Monday, September 1, 2008

Review - Seeker

Seeker
by Jack McDevitt
2006 Nebula Winner for Best Novel

I don't give space opera a lot of credit. I know its one of the foundations of science fiction and it remains the most popular subgenre to this day but it also manages to beat out Sturgeon's Law by a considerable margin when it comes to crap. Even when it's done well very few authors of space opera do much more than just spin a decent adventure story. Bujold as a good example of this; she tells an interesting tale but few of the Vorkosigan books have significant depth. There's nothing wrong with that approach and honestly I'd rather read a good but simple adventure than a poorly written pretentious bit of "literature", but I often walk away feeling like it was missing something.

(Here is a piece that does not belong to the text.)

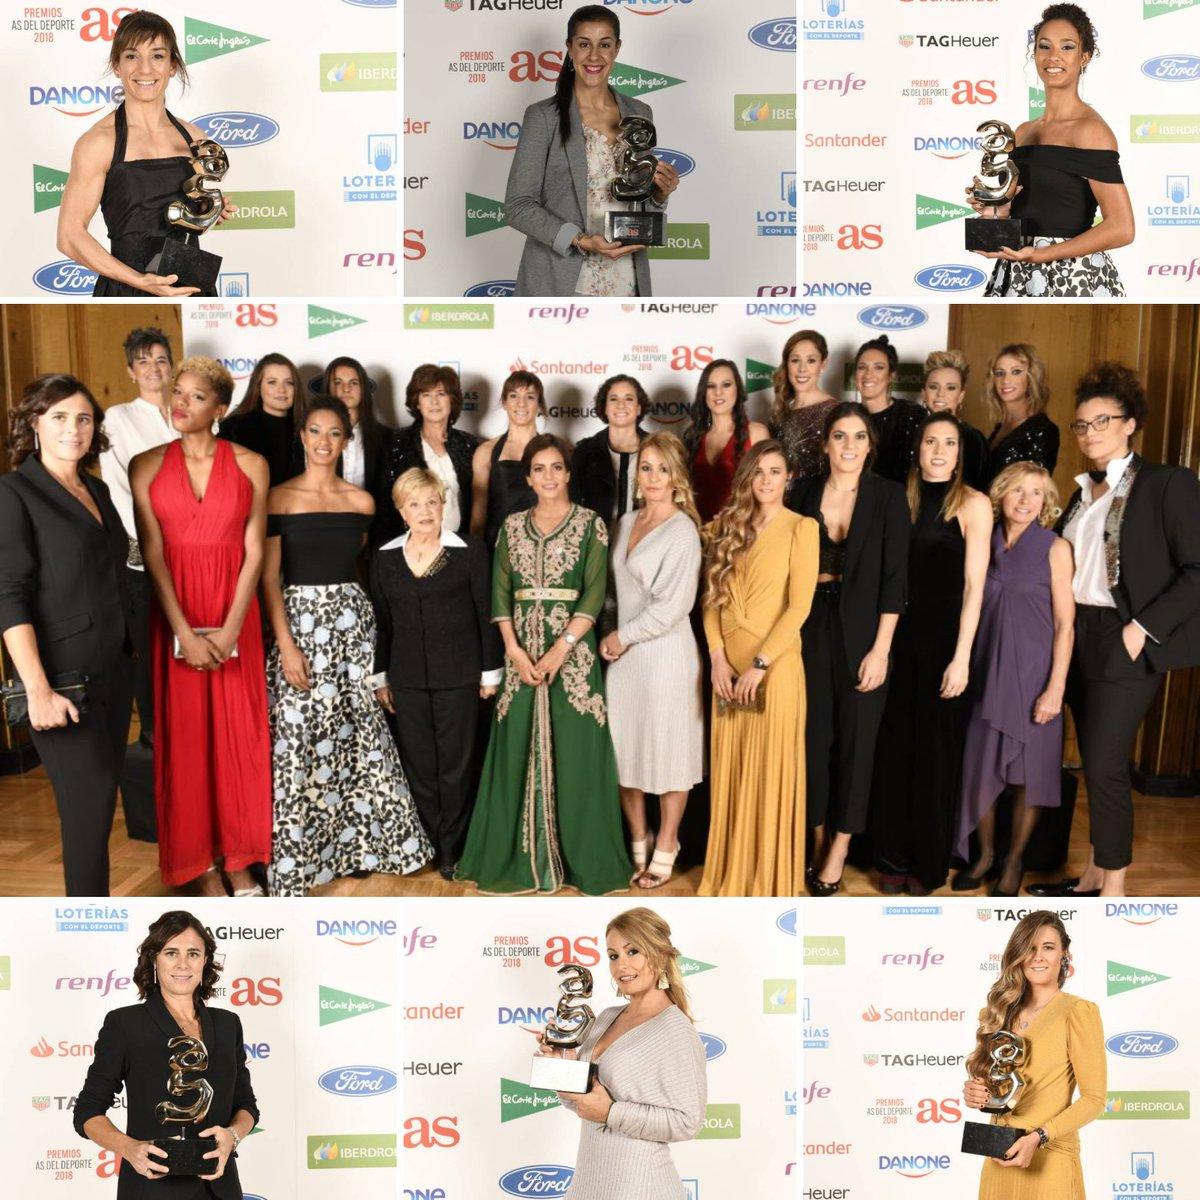 De @CarolinaMarin  a @lydikit  pasando por @sandrasankarate,  @mariiaviicentee,  @Edurne_Pasaban o  @giselapulido... lo mejor del deporte español es reconocido en los #PremiosAS2018 👏👏👏👏 @diarioas  http://ow.ly/lxcL30mWhAL

McDevitt's Seeker comes very close to that mark for me: in the end I think that the exploration of his themes was flawed and yet it is a very entertaining book.

Ten thousand years in the future humanity has spread throughout the galaxy and in that time civilization happened. There was as much history between now and that future as there is between us and farming villages in Mesopotamia. The protagonists are treasure hunters who seek out the lost artifacts of the interstellar human civilizations that rose and fell in that period and sell them to the highest bidder. One day they're asked to appraise a cup which appears to be from the first interstellar vessel to disappear. This puts them on the trail of that missing ship and a lost civilization along the lines of Atlantis. Meanwhile they have to deal with claimjumpers, protestors demanding they stop looting the past, telepathic aliens, and astronomical mysteries.

It's very rare to see history as a science addressed in science fiction. Authors will pile on back story and overlook the fact that things a few hundred years ago are distant and thousands of years ago are ruins. McDevitt clearly put a lot of thought into how vacuum archeology would work. Unfortunately this is also where the book hits the sour note for me. The main characters are treasure hunters and McDevitt establishes a treasure hunter versus archeology theme which he doesn't really expand upon. The book is told in the first person by one of the treasure hunters so I wouldn't expect an unbiased opinion from them but it's like he just drops the whole thing. It disappointed me to see this theme abandoned in the novel since I can't recall ever encountering it in science fiction.

Setting aside that thematic problem Seeker is a very interesting story. Mysteries are tough to work into science fiction and McDevitt handles it deftly by having the book be a procedural, a story about the process of solving the mystery rather than the resolution. The trail of breadcrumbs they follow is lengthy and winding; until the climax I was uncertain of where McDevitt would be going next with his story. These plot twists sometimes strain credibility to the breaking point but I didn't mind mainly due to the fact that the whole point of the book was following these strange turns of fate.

Adding to the pleasure of the book McDevitt populated it with some very interesting characters. The brilliant but aloof researcher abd his assistant who does the leg work might be the formula copied from Conan Doyle but you won't mistake these two for Sherlock Holmes and Dr. Watson. For one thing they both screw things up quite a bit when they try to be adventure heroes only to realize their mistakes after the fact. For another their adversaries for the most part are threats to their pocketbook rather than their lives (with the exception of someone who wants to kill them before they reach their goal).

So I might have been disappointed that Seeker wasn't as textured as I had hoped but I was still very entertained. I found it to be compelling reading and since it is part of a series I am going to seek out the rest of McDevitt's books.